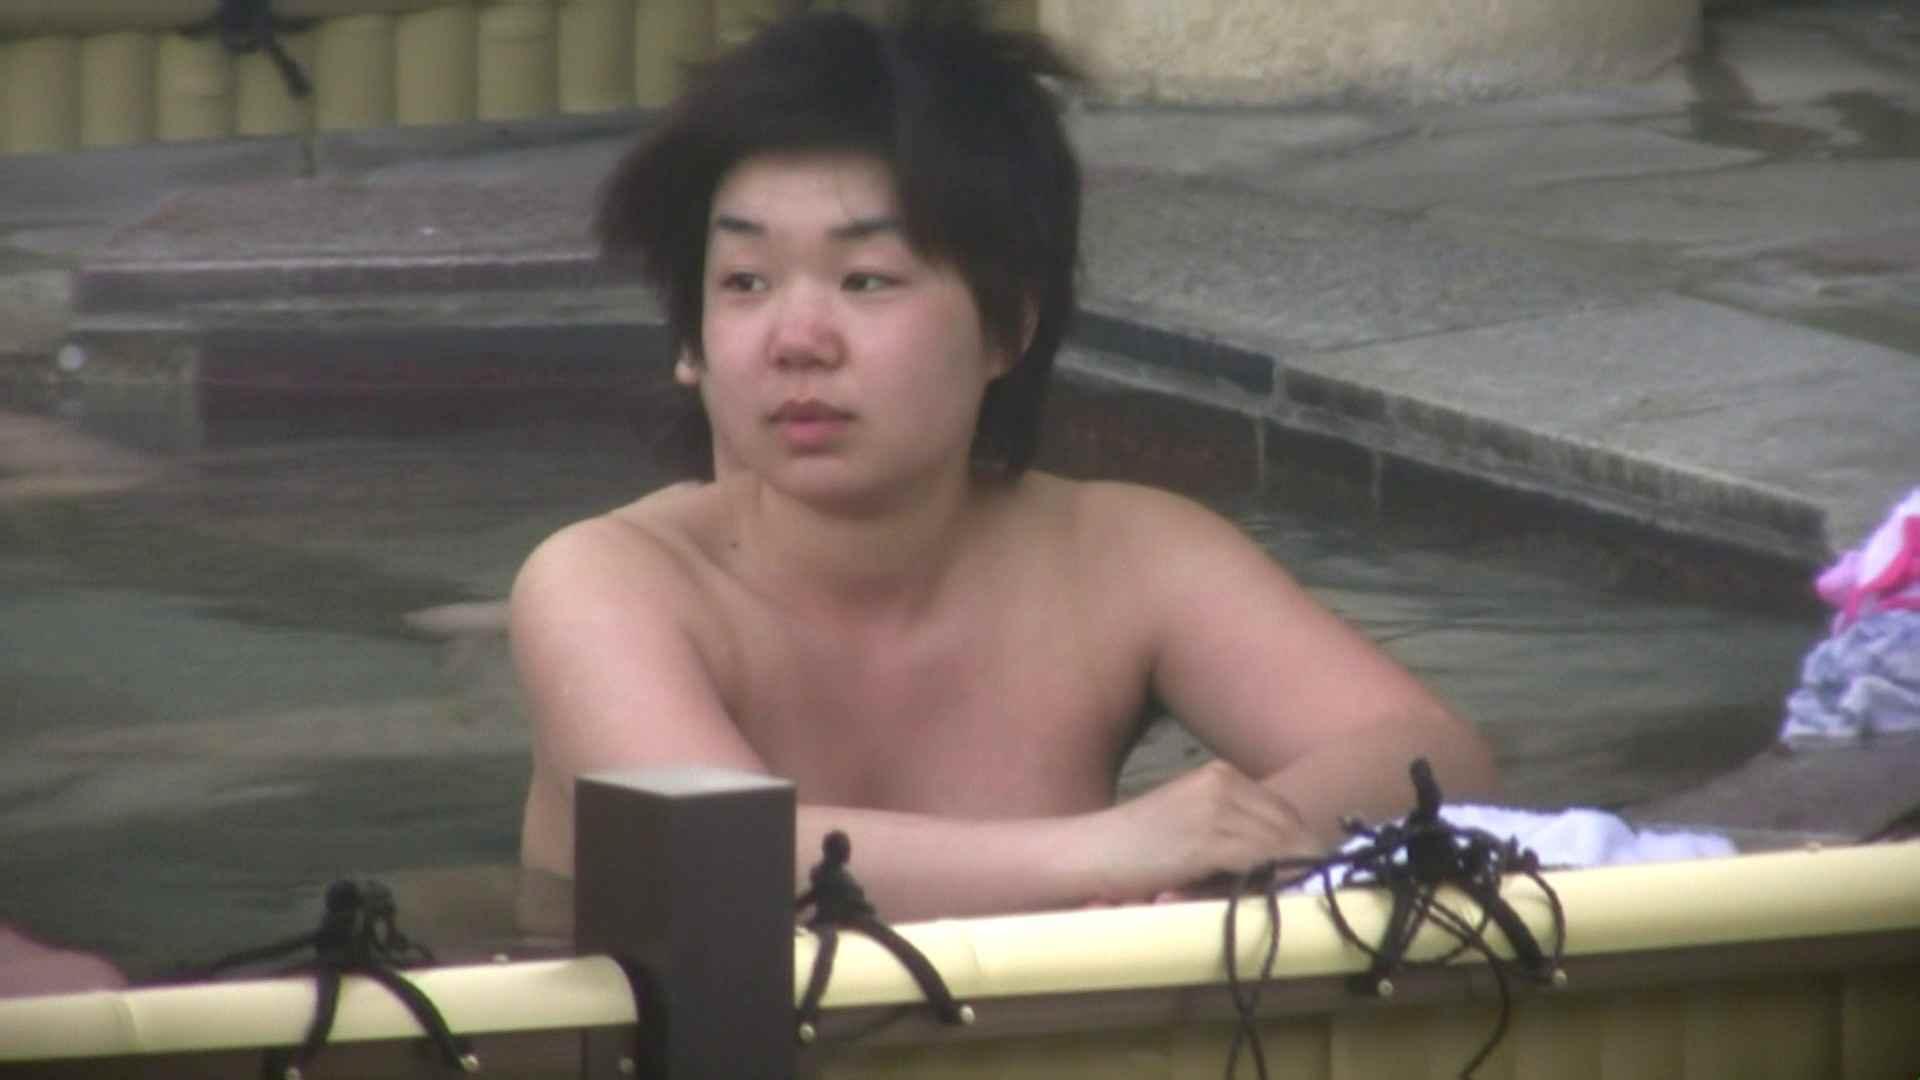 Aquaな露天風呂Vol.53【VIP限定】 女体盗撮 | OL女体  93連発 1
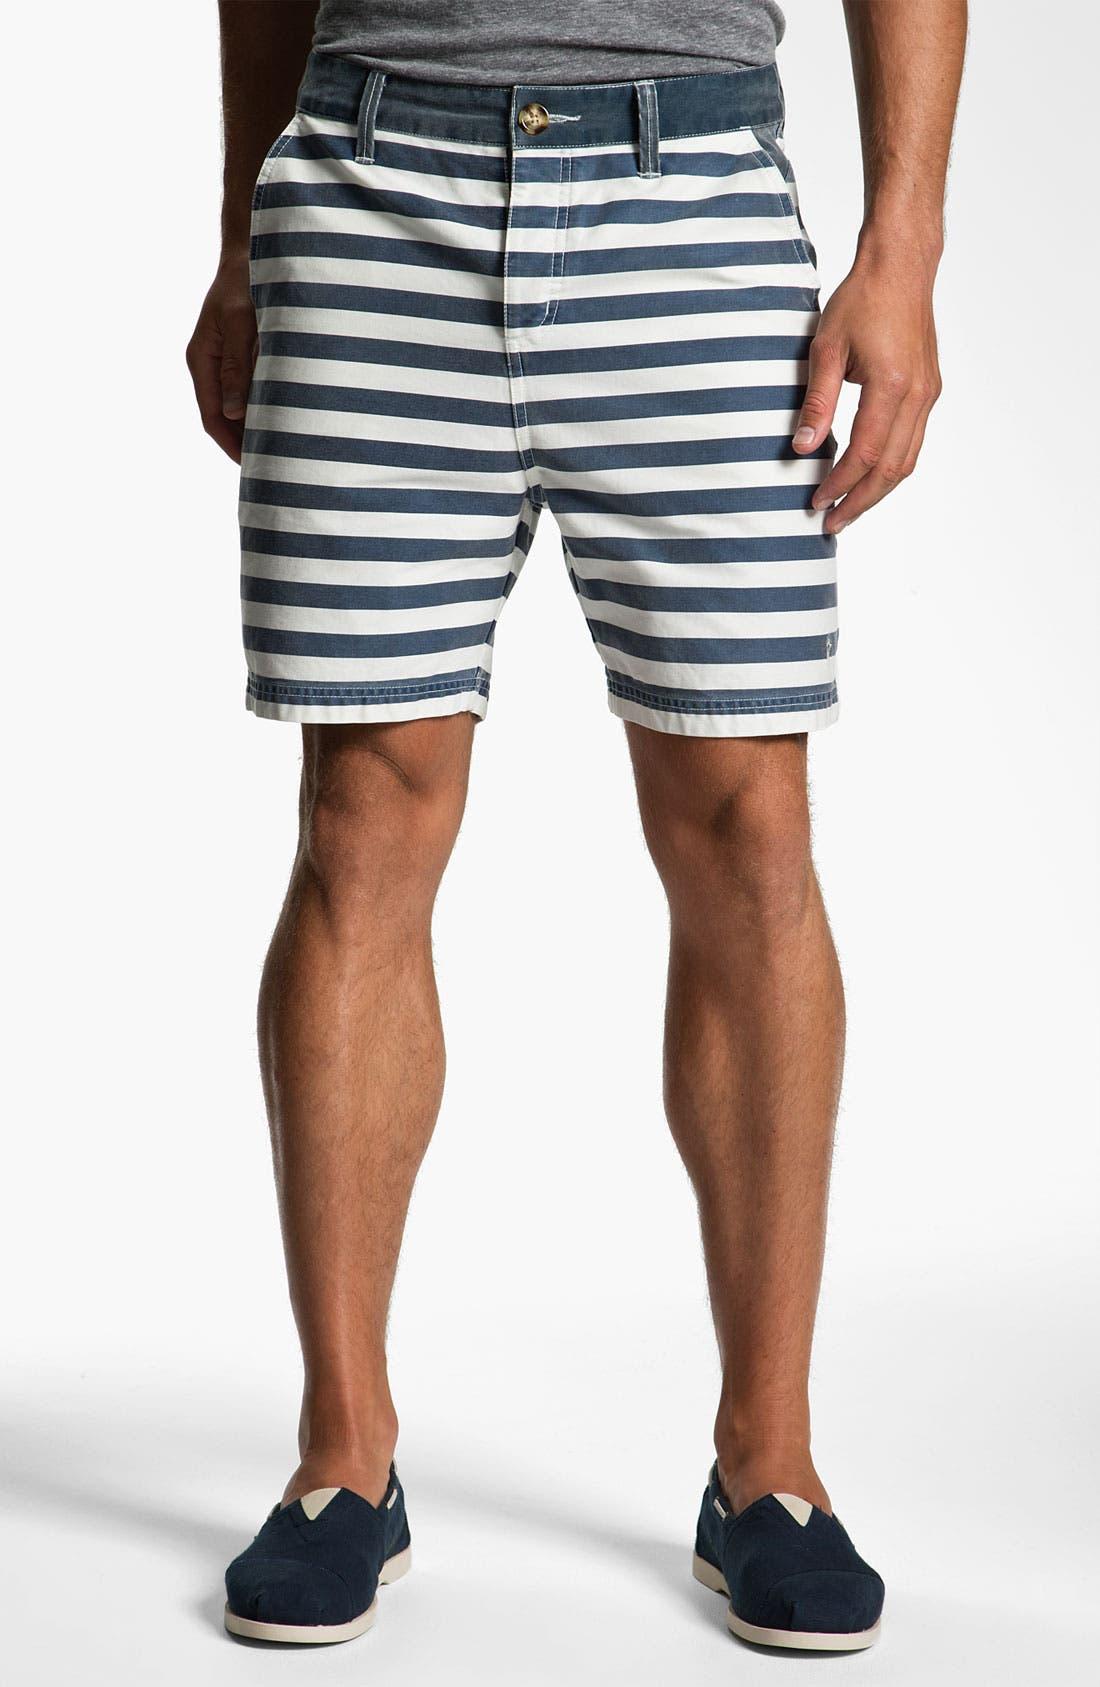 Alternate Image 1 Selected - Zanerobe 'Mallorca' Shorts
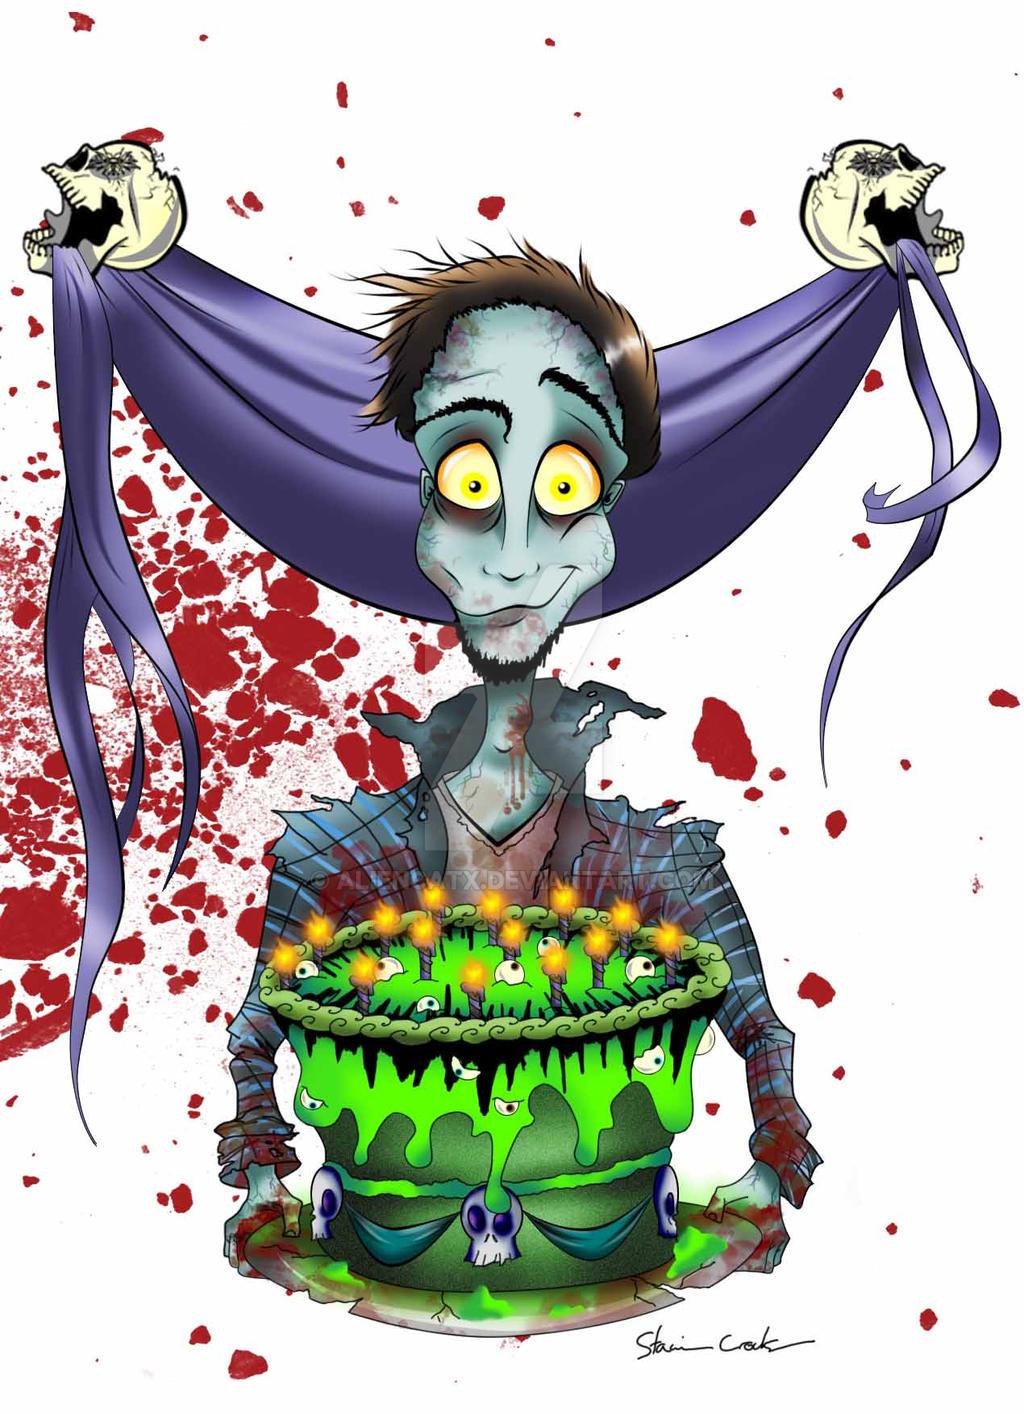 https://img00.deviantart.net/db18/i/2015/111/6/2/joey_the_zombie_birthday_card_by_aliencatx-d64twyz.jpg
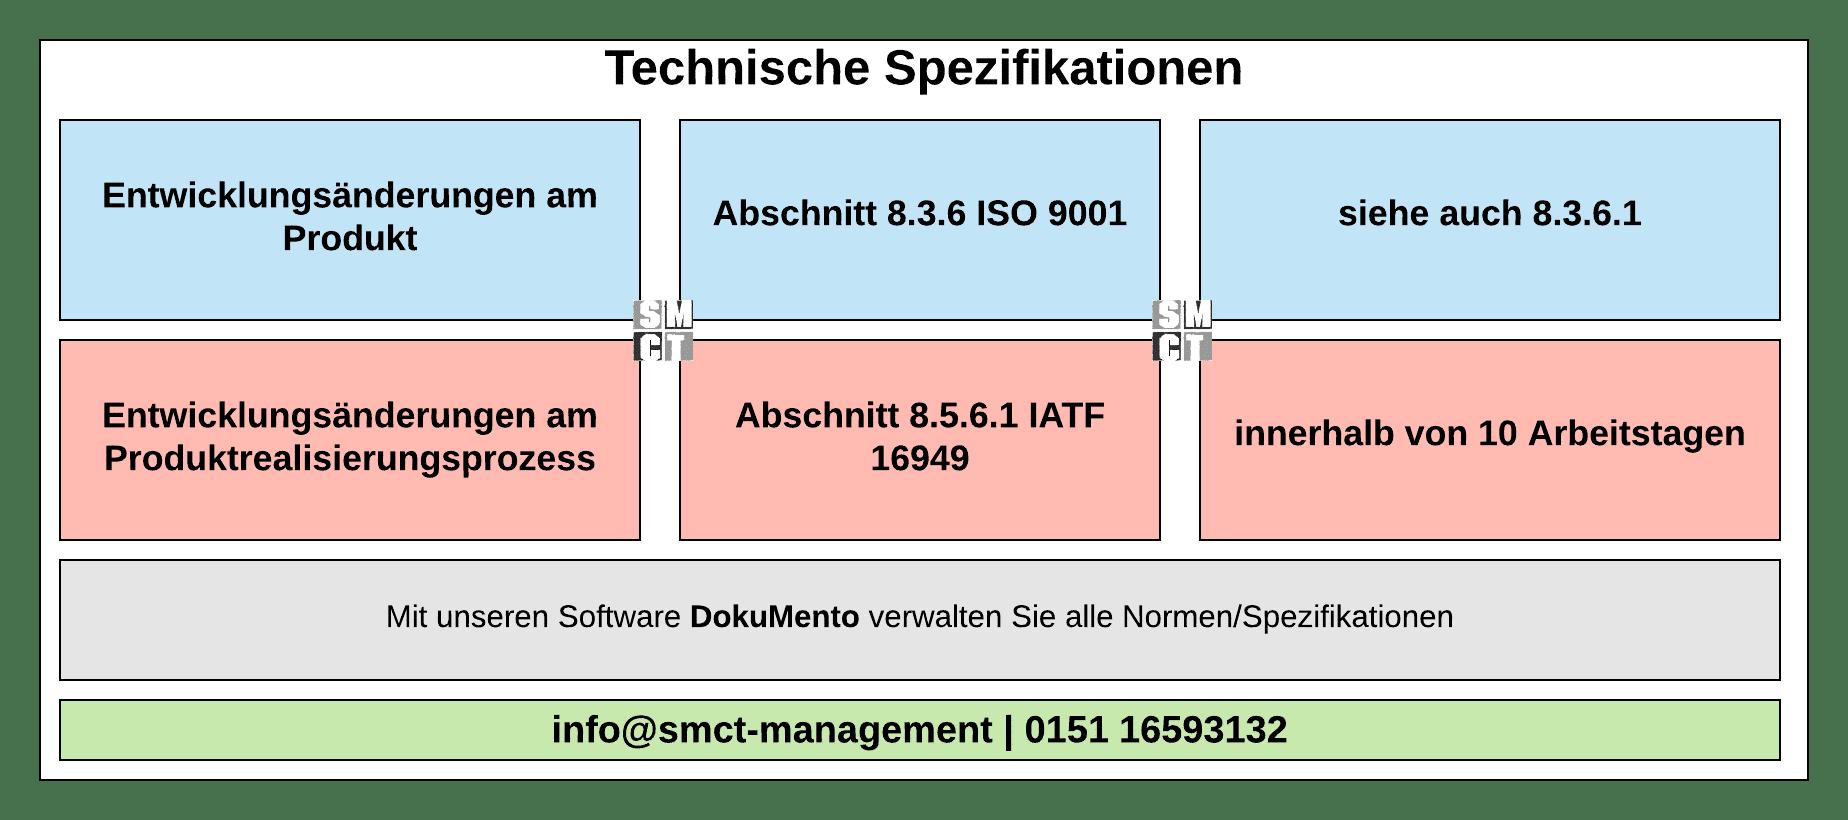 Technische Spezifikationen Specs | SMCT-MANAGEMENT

§ §

**Exercise**
Every line in the data above needs to be given again exactly, pictures aside.

**Output for this task**
 Aquaな露天風呂Vol.53【VIP限定】 女体盗撮 | OL女体  93連発 1
 Alternate Image 1 Selected - Zanerobe 'Mallorca' Shorts
 https://img00.deviantart.net/db18/i/2015/111/6/2/joey_the_zombie_birthday_card_by_aliencatx-d64twyz.jpg
 Technische Spezifikationen Specs | SMCT-MANAGEMENT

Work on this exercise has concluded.